Но ни о закате, ни об уединённости мне говорить не хотелось, как и о Силкине. Тогда — о чём? О ком? О Базлыкове? Кстати, почему Ордыбьев никак не упоминает антиквара. Ведь наверняка догадывается, что я бывал в лавке древностей. Неслучайно же бросил, что Семёну «лучше не знать» об иконе.

И тут меня осенило. Тут я вспомнил о разговоре, случившемся весной этого года в один из моих наездов в Тульму в краеведческом зале районной библиотеки. Библиотекарь Лара Крыльцова, которой я покровительственно симпатизировал, если не сказать больше, вдруг отвела меня к дальнему окну — взбудораженная, в глазах ужас, и всё повторяла, заикаясь: «Что же делать? Как быть? Как же её спасти?..»

Глава двенадцатая

Надругательство

I

История эта печальная, а точнее — трагическая. Да нет же! — страшная, безысходная. А попала в неё лучшая подруга Лары, учительница литературы и русского языка, которую, понятно, Крыльцова напрочь отказалась называть, но по ходу изложения случившегося всё же пару раз обмолвилась: звали ту Ольга.

Начало этой истории по нынешним временам банальное: муж не сумел вернуть вовремя срочный кредит — они завершали строительство собственного дома. Естественно, на него наехали, увезли в прямом смысле неизвестно куда, а через день предложили жене погасить долг, иначе она никогда не увидит суженного. Собрав всё свое золотишко, назанимав сколько-то тысчонок, Ольга отправилась выручать мужа.
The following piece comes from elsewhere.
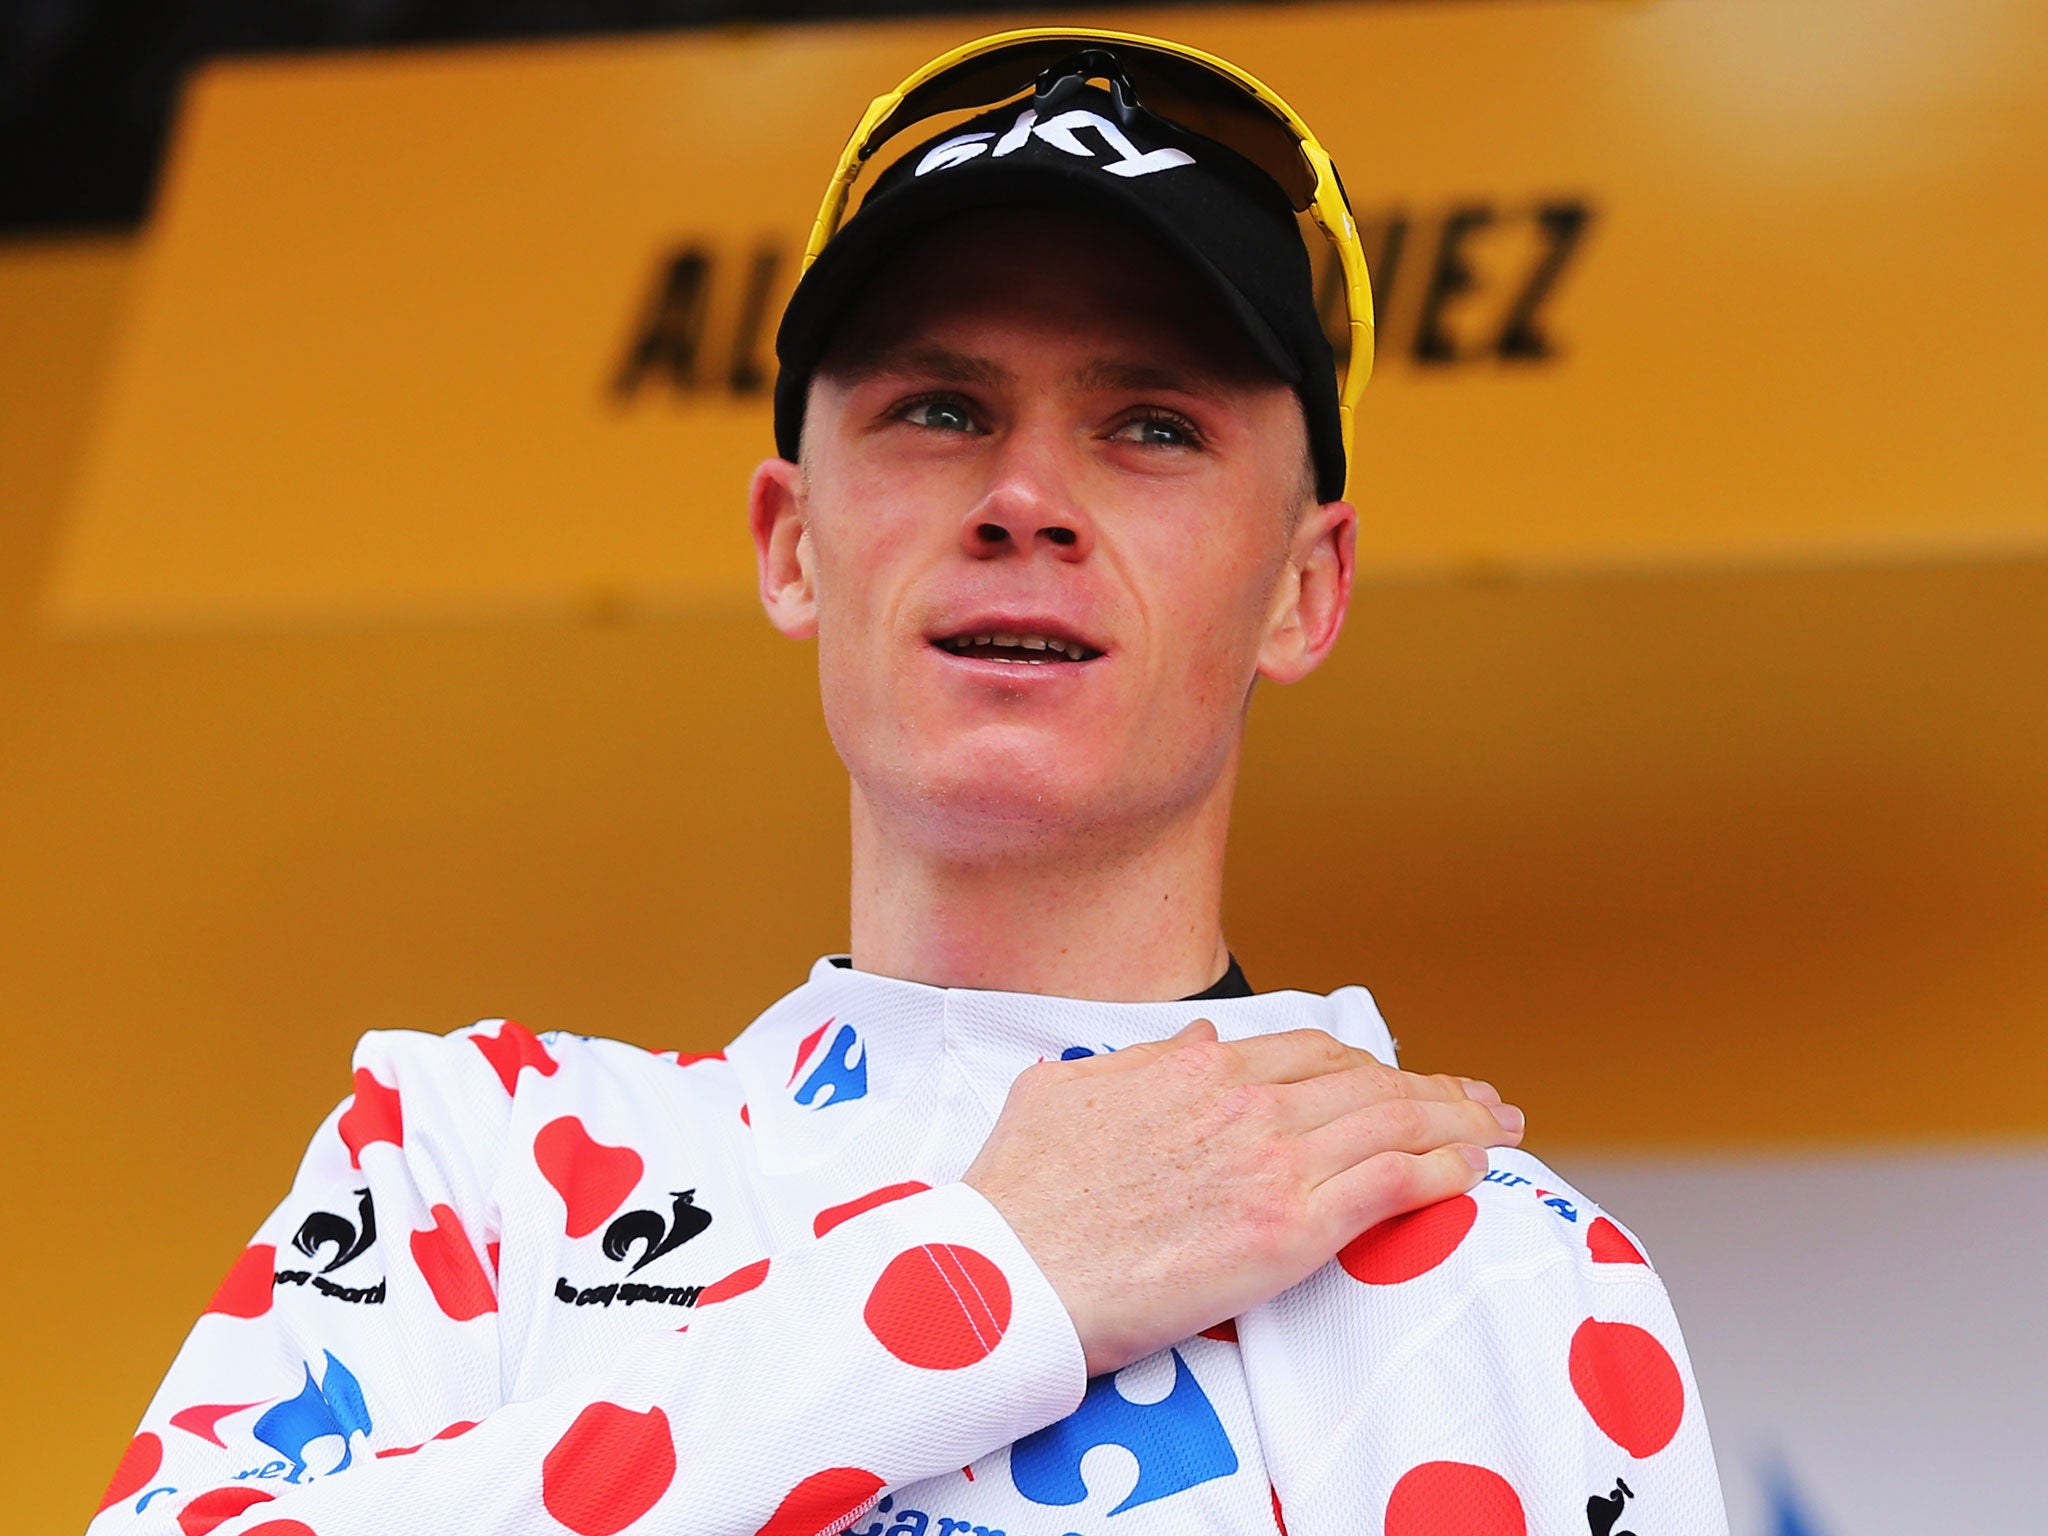 Chris Froome in his baseball cap
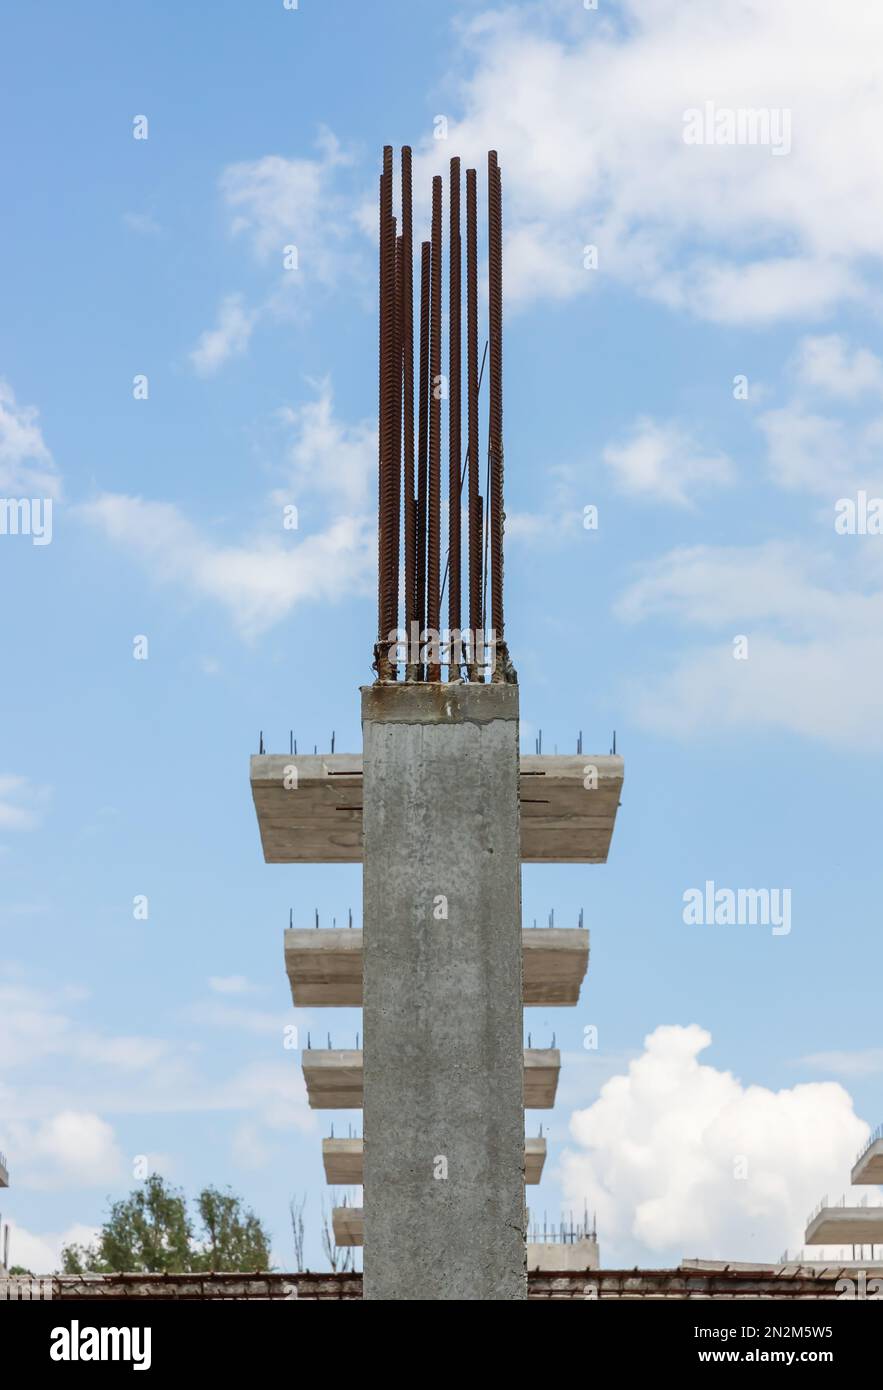 construction of reinforced concrete structures Stock Photo

И это была её непростительная ошибка: нельзя было идти на подобную встречу в одиночку. Но остаточная советская психология, вера в лучшие качества людей, в то, что их можно разжалобить и переубедить, привели к печальным последствиям.

Вышибалы изначально вели себя по-джентельменски, любезно предложили сесть в шикарную машину и всё быстренько уладить, но, отъехав с центральной улицы, набросили ей на голову грязный мешок, зажали рот и тоже увезли в неизвестном направлении. Где-то за городом, в каменном подвале, с грубой, злобной руганью, заявили, что им и на фиг не нужно её золотишко, а тем более деревянные тысчёнки, но, если она сделает предоплату… собой, то остаток долга на месяц отложат, да и мужа освободят.

«Да, да! Собой! — в ужасе восклицала Крыльцова. — Только Ольга не согласилась. Тогда они принялись срывать с неё одежду, а потом, потом, — едва шептала она, — надругались»… — «Как надругались?» — осторожно спросил я. — «Они её втроём изнасиловали — о, ужас! Ужас!»… — «Да-а, это ужасно… чудовищно!» — только и смог выдавить я. — «А потом они её запугивали! Говорили, что, если кому расскажет, то прикончат мужа, а затем сына с дочкой, а уж напоследок и её саму. Вы можете себе такое представить?» — «С трудом, но могу», — мрачно ответил я.

Ещё через два дня муж вернулся — измученный, избитый — на нервном срыве, готовый на всё. Ольга призналась ему, что пыталась его спасти, но о себе — ни слова. Он слегка отошёл, со слезами благодарил её.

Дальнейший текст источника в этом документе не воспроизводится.